To, что ген оказался на хромосоме 7, тоже не было не­ожиданностью. В 1997 году группа ученых из Оксфорда обнаружила на длинном плече хромосомы 7 генетический маркер, один из аллелей которого чаще наблюдался у лю­дей с речевым дефектом SLI. Хотя в основе этих данных лежало изучение лишь одной большой английской семьи, факты были неоспоримы (FisherS. Е. et al. 1998. Localisation of a gene implicated in a sever speech and language disorder. Nature Genetics 18: 168-170).

Так что же тогда было причиной противостояния уче­ных? Спор шел вокруг того, как развивается дефект SLI. Для одних было очевидно, что генетическая мутация ведет к ор­ганическому поражению определенных центров мозга, кон­тролирующих многие речевые функции, включая способ­ность членораздельно произносить слова и правильно их слышать. Согласно этой теории дефект SLI развивается из-за поражения центров анализа информации, полученной по­средством органов слуха, т.е. мозгу для развития не хватает речевого влияния. Другие считали эту теорию совершенно не верной, поскольку помимо очевидных проблем с восприя­тием речи у всех больных был еще один дефект — отсутствие способности усваивать и использовать грамматические пра­вила, что, по их мнению, было причиной заболевания, а не его следствием. Но обе стороны считали, что название «ген грамотности», которым наградили его падкие на сенсации журналисты, слишком примитивно и неправильно отражает чрезвычайно сложную картину заболевания.

История изучения речевого дефекта SLI началась с наблюдений за тремя поколениями английской семьи. Женщина, у которой был речевой дефект, вышла замуж за здорового мужчину и родила четырех дочерей и одно­го сына. Все дети, за исключением одной дочери, также страдали SLI. В третьем поколении этой семьи уже было 24 ребенка, 10 из которых страдали расстройством речи. Семью часто навещали психологи, которые в одиночку и в составе конкурирующих групп осаждали несчастных. Именно анализы крови этой семьи позволили ученым из Оксфорда выявить маркер на хромосоме 7. Группа ученых, работавших в Оксфорде в тесном сотрудничестве с лондон­ским Институтом здоровья детей (Institute of Child Health), принадлежали к старой школе и считали синдром SLI де­фектом развития мозга из-за проблем с сенсорным воспри­ятием речи. Оппонентом, защищавшим теорию «граммати­ческого ядра мозга», выступила канадский лингвист Мирна Гопник (Myrna Gopnik).

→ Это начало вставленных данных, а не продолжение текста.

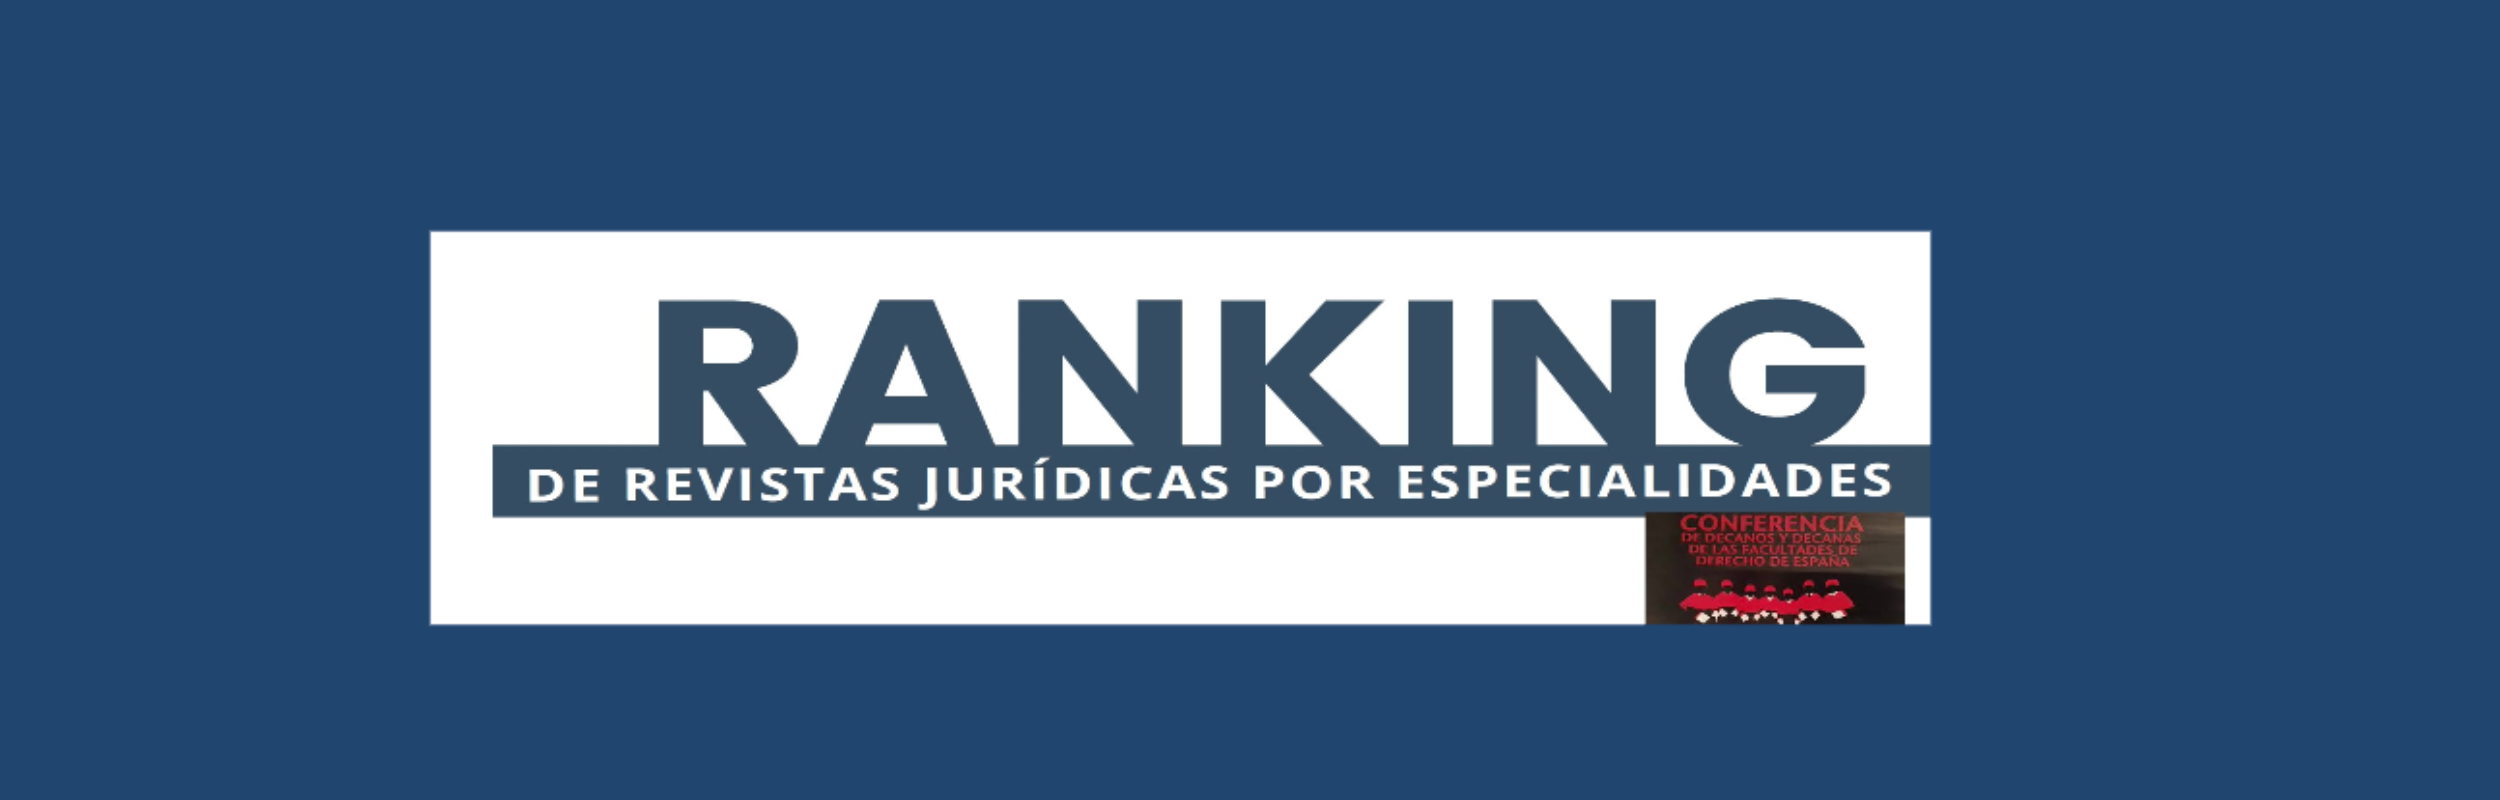 Ranking revistas jurídicas por especialidades conferencia de decanos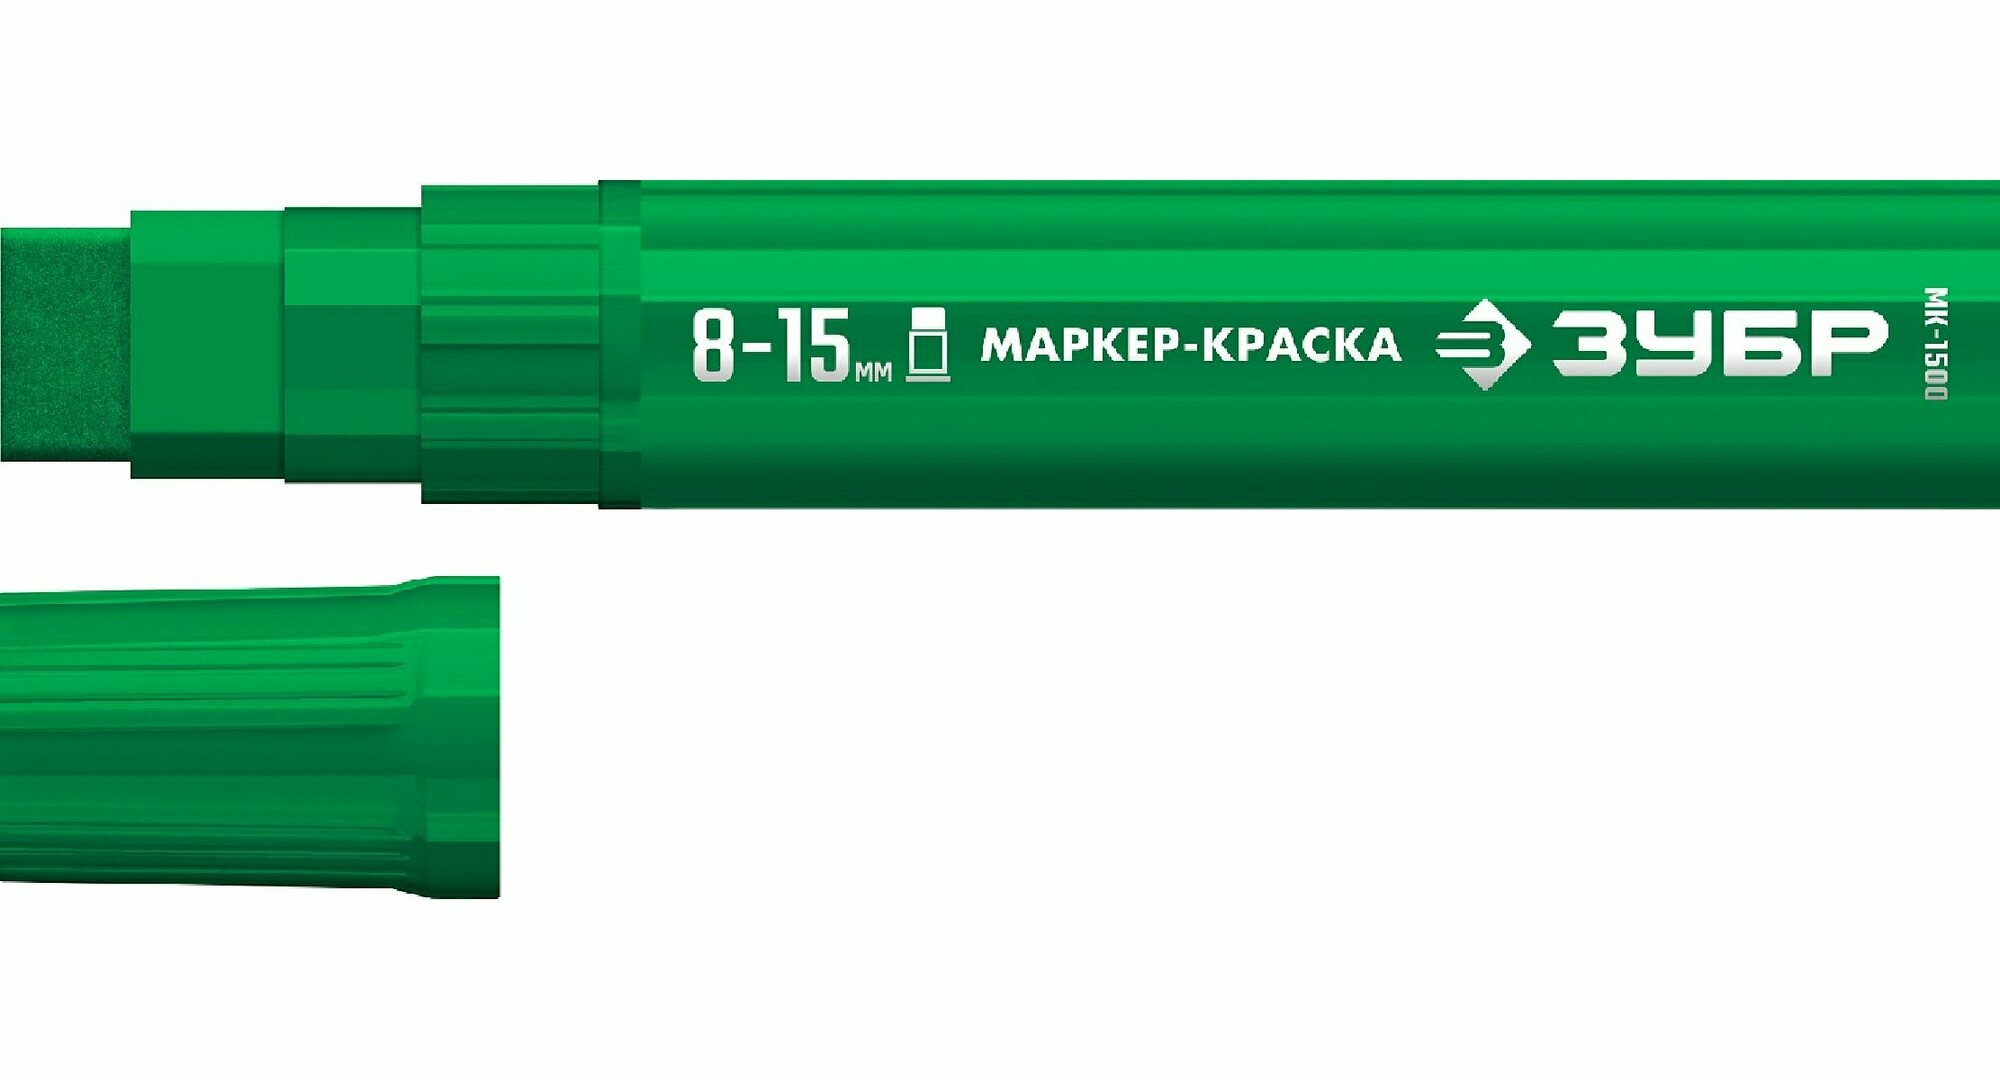 ЗУБР МК-1500 8-15 мм, плоский, зеленый, экстрабольшой объем, Маркер-краска, профессионал (06329-4) (06329-4)

Еще в 1990 году Гопник заявляла, что проблемы в ан­глийской семье и у других больных с речевым дефектом SLI возникают из-за того, что они не могут усвоить базовые грамматические правила языка. Дело не в том, что они не могут их понять. Напротив, они способны заучить правила грамматики и применять их. Но поскольку им постоянно приходится вспоминать правила, вместо того чтобы вы­бирать нужные формы слова инстинктивно, они говорят медленно и с большим трудом. Например, когда тестирую­щий показывает картинку с изображением какого-то суще­ства и говорит: «Это Ваг», а затем показывает картинку с двумя такими существами и подписью «Это ...», следует от­вет: «Ваги». Так отвечают все, но не больные с синдромом SLI, а если и отвечают, то только после непродолжитель­ного размышления. Кажется, что они не знают, как обра­зовать множественное число от единственного. В своей речи больные с синдромом SLI используют слова во мно­жественном числе, поскольку помнят их, но, столкнувшись с незнакомым словом, заходят в тупик. Зато потом, усвоив принцип, пытаются образовать множественное число от слова, которое другие оставили бы неизменным, например: если существо назвали «Теди», то два существа они назовут «Тедии». Гопник предположила, что больные с синдромом SLI сохраняют в памяти все формы слов, а не образуют их интуитивно (Gopnik М. 1990. Feature-blind grammar and dys­phasia. Nature344: 715).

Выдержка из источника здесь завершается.